Tren

Simak, Aturan Pemberian BHR Lebaran Bagi Ojol dan Kurir Online

Ilustrasi ojol kurir online (Gambar dibuat dengan AI Gemini)

TopCareer.id – Menteri Ketenagakerjaan (Menaker) sudah merilis aturan mengenai pemberian Bonus Hari Raya (BHR) bagi driver dan kurir transportasi online.

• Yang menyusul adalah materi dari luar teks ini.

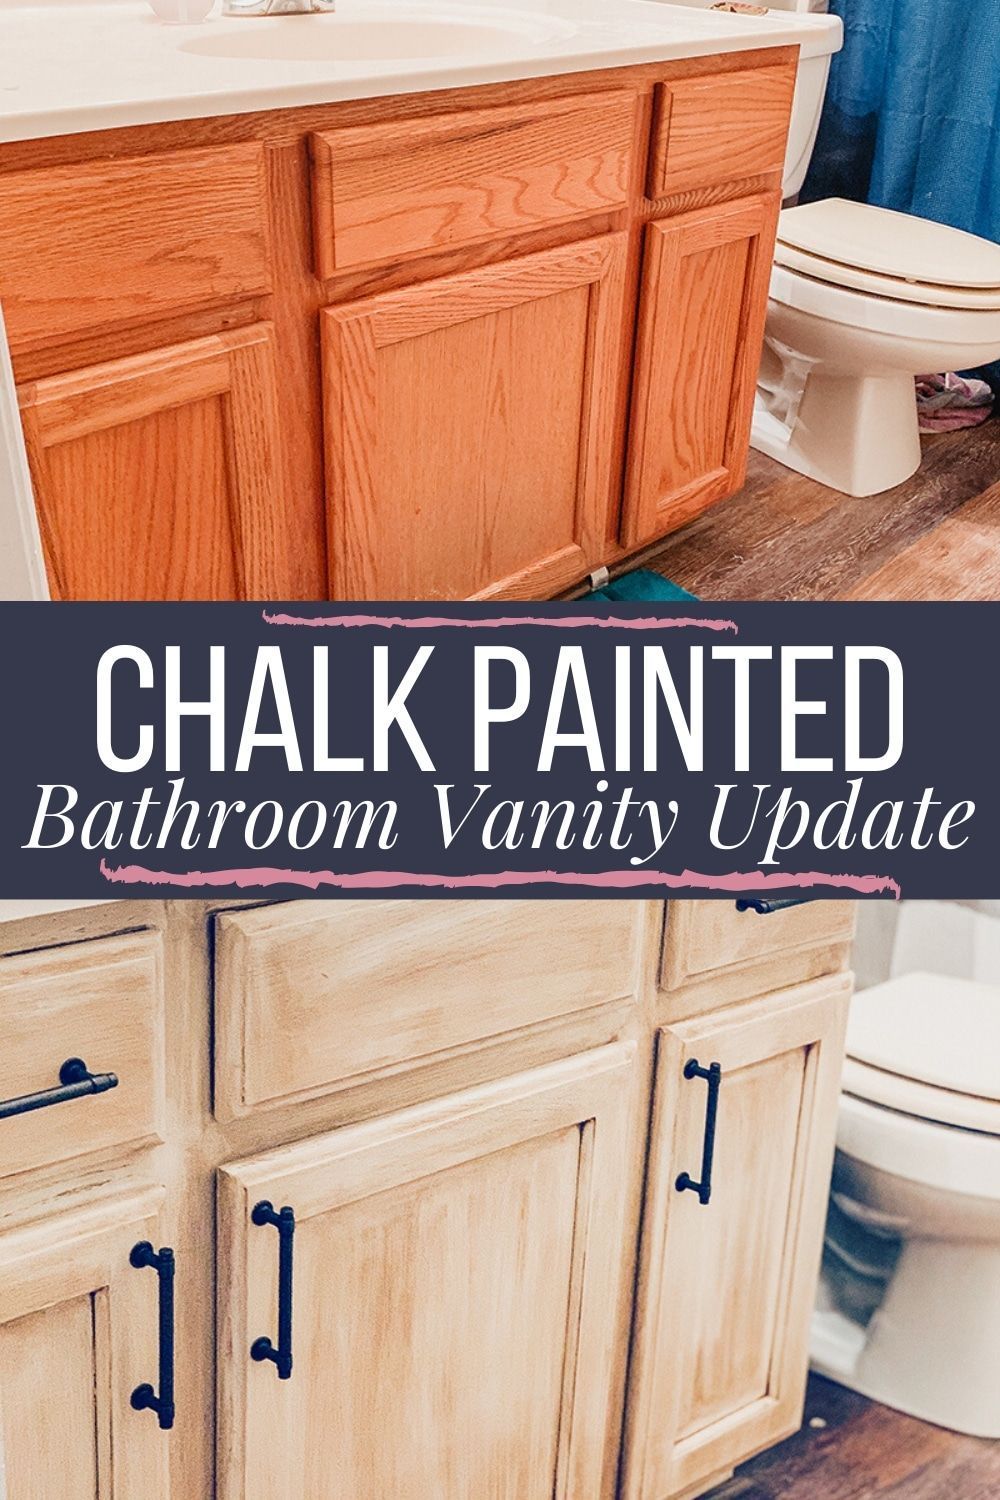 Oak Vanity Update With Rustoleum Chalk Paint & Glaze + Review - Oak Vanity Update With Rustoleum Chalk Paint & Glaze + Review -   19 diy House improvements ideas

Aturan ini termuat dalam Surat Edaran Menaker Nomor M/4/HK.04.00/III/2026 tentang Pemberian Bonus Hari Raya Keagamaan Tahun 2026 Bagi Pengemudi dan Kurir Pada Layanan Angkutan Berbasis Aplikasi.

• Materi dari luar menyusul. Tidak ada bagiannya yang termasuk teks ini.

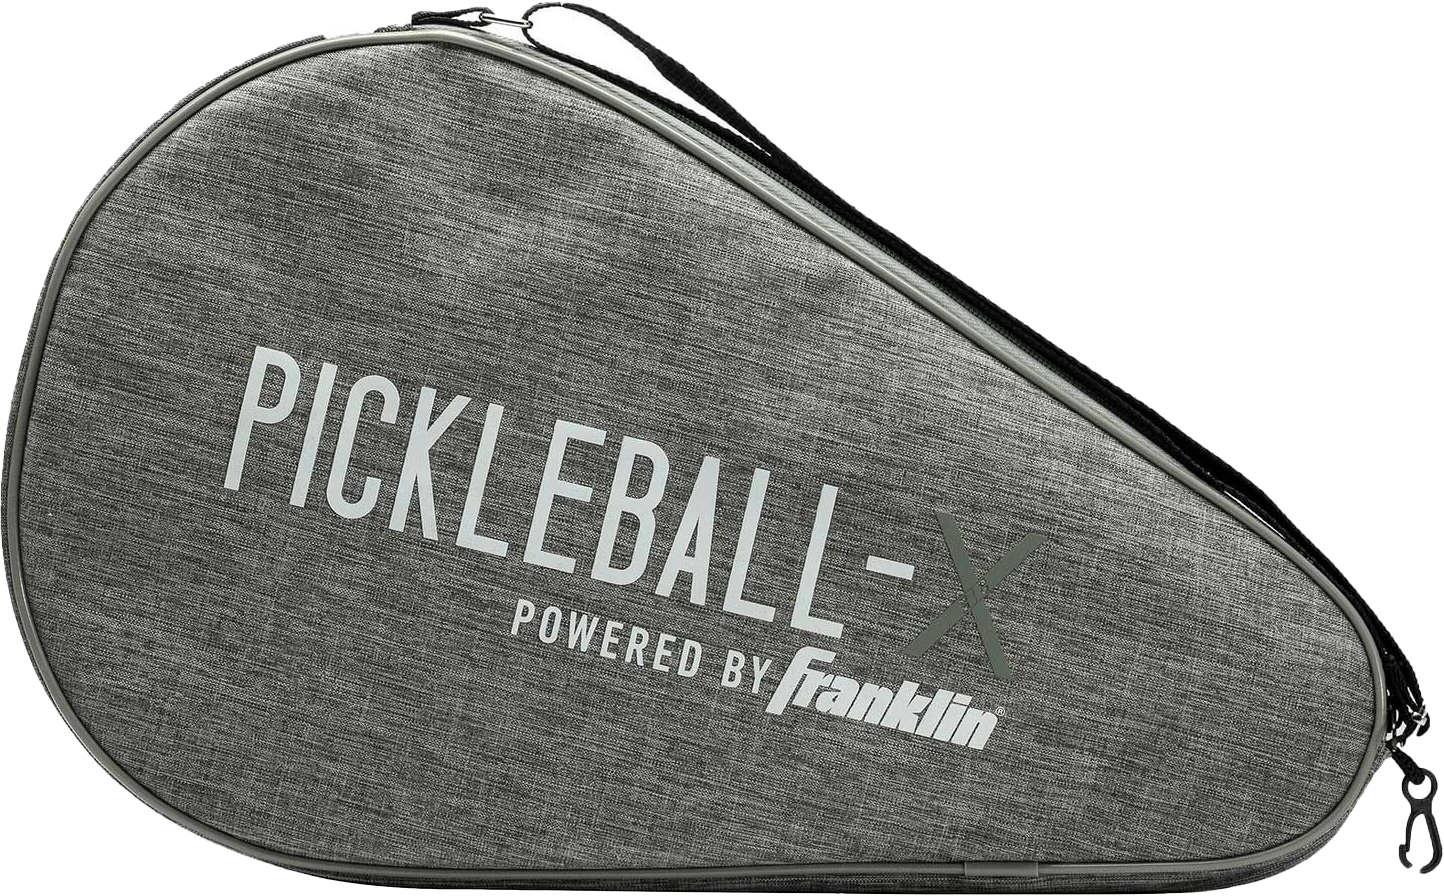 Franklin Pickleball Paddle Bag Pickleball Bag Gray

Adapun, BHR diberikan perusahaan aplikasi untuk pengemudi dan kurir online yang terdaftar secara resmi pada perusahaan aplikasi dalam jangka waktu 12 bulan terakhir.

Bonus diberikan dalam bentuk uang tunai paling sedikit 25 persen dari rata-rata pendapatan bersih selama 12 bulan terakhir.

Baca Juga: THR Wajib Dibayar Maksimal H-7 Lebaran, Tak Boleh Dicicil

“Perusahaan aplikasi agar transparan dalam perhitungan besaran BHR Keagamaan kepada pengemudi dan kurir online,” tulis Menaker dalam edarannya.

Pemerintah juga meminta agar bonus ini diberikan paling lambat tujuh haru sebelum Hari Raya Idulfitri 1447 Hijriah.

Meski begitu, para gubernur diminta untuk mengimbau perusahaan aplikasi memberikan BHR lebih awal, sebelum batas akhir waktu pemberian tersebut.

Menaker juga menegaskan, BHR tidak menghilangkan dukungan kesejahteraan bagi pengemudi dan kurir online, sesuai ketentuan peraturan perundang-undangan yang telah diberikan oleh perusahaan aplikasi.